Introduction
The functions for computations of basic statistics generally have relatively simple input parameters. The data are input in either a one- or two-dimensional array. As usual, when a two-dimensional array is used, the rows contain observations and the columns represent variables. Most of the functions in this chapter allow for missing values. Missing value codes can be set by using function MACHINE.
Several functions in this chapter perform statistical tests. These functions generally return a “p-value” for the test, often as the return value for the C function. The p-value is between 0 and 1 and is the probability of observing data that would yield a test statistic as extreme or more extreme under the assumption of the null hypothesis. Hence, a small p-value is evidence for the rejection of the null hypothesis.
Overview of Random Number Generation
Chapter 11: Basic Statistics and Random Number Generation describes functions for the generation of random numbers and of random samples and permutations. These functions are useful for applications in Monte Carlo or simulation studies. Before using any of the random-number generators, the generator must be initialized by selecting a seed or starting value. This can be done by calling the Set keyword with the RANDOMOPT procedure. If the user does not select a seed, one is generated using the system clock. A seed needs to be selected only once in a program, unless two or more separate streams of random numbers are maintained. There are other utility functions in this chapter for selecting the form of the basic generator, restarting simulations, and maintaining separate simulation streams.
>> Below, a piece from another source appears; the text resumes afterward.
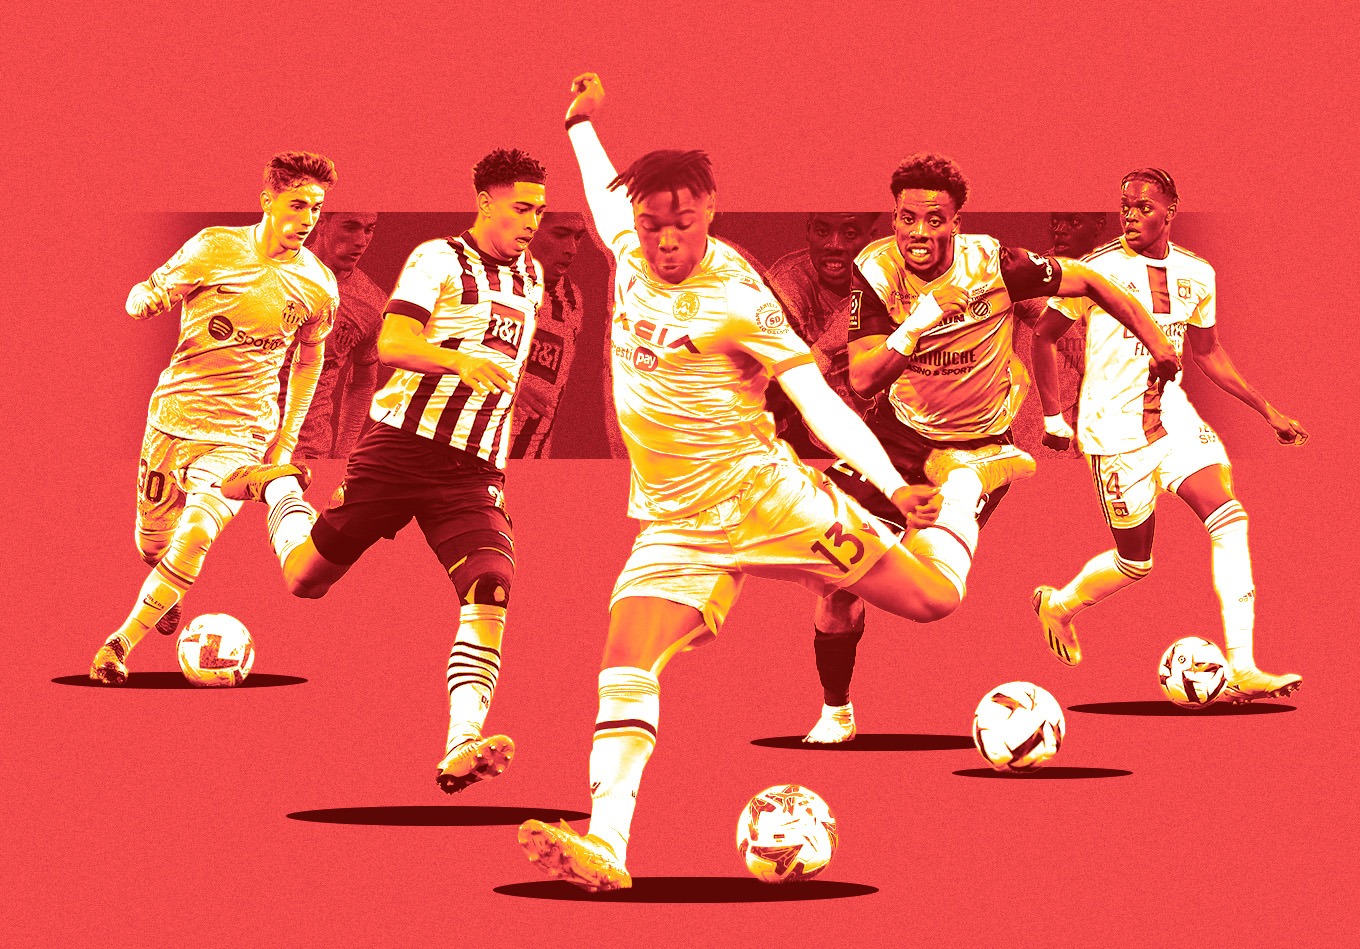 Electric Youth: How Much Faith Does Your Club Show in Young Players?

In the following discussions, the phrases “random numbers,” “random deviates,” “deviates,” and “variates” are used interchangeably. The phrase “pseudorandom” is sometimes used to emphasize that the numbers generated are really not “random” since they result from a deterministic process. The usefulness of pseudorandom numbers is derived from the similarity, in a statistical sense, of samples of the pseudorandom numbers to samples of observations from the specified distributions. In short, while the pseudorandom numbers are completely deterministic and repeatable, they simulate the realizations of independent and identically distributed random variables.
Basic Uniform Generator
The random-number generators in this chapter use a multiplicative congruential method. The form of the generator is as follows:
xi = cxi – 1mod(231 – 1)
Each xi is then scaled into the unit interval (0,1). If the multiplier, c, is a primitive root modulo 231 – 1 (which is a prime), then the generator has a maximal period of 231 – 2. However, there are several other considerations. See Knuth (1981) for a general discussion. The possible values for c in the generators are 16807, 397204094, and 950706376. The selection is made by using the Gen_Option keyword with the RANDOMOPT procedure. The choice of 16807 results in the fastest execution time, but other evidence suggests that the performance of 950706376 is best among these three choices (Fishman and Moore 1982). If no selection is made explicitly, the functions use the multiplier 16807, which has been in use for some time (Lewis et al. 1969).
The default action of the RANDOM function is the generation of uniform (0,1) numbers. This function is portable in the sense that, given the same seed, it produces the same sequence in all computer/compiler environments.
Shuffled Generators
The user also can select a shuffled version of these generators using the Gen_Option keyword with the RANDOMOPT procedure. The shuffled generators use a scheme due to Learmonth and Lewis (1973). In this scheme, a table is filled with the first 128 uniform (0,1) numbers resulting from the simple multiplicative congruential generator. Then, for each xi from the simple generator, the low-order bits of xi are used to select a random integer, j, from 1 to 128. The jth entry in the table is then delivered as the random number, and xi, after being scaled into the unit interval, is inserted into the jth position in the table. This scheme is similar to that of Bays and Durham (1976), and their analysis is applicable to this scheme as well.
Setting the Seed
Using the RANDOMOPT procedure with the Set keyword, the seed of the generator can be set and can be retrieved with the Get keyword. Prior to invoking any generator in this section, the user can call RANDOMOPT to initialize the seed, which is an integer variable with a value between 1 and 2147483647. If it is not initialized by RANDOMOPT, a random seed is obtained from the system clock. Once it is initialized, the seed need not be set again.
If the user wants to restart a simulation, RANDOMOPT can be used to obtain the final seed value of one run to be used as the starting value in a subsequent run.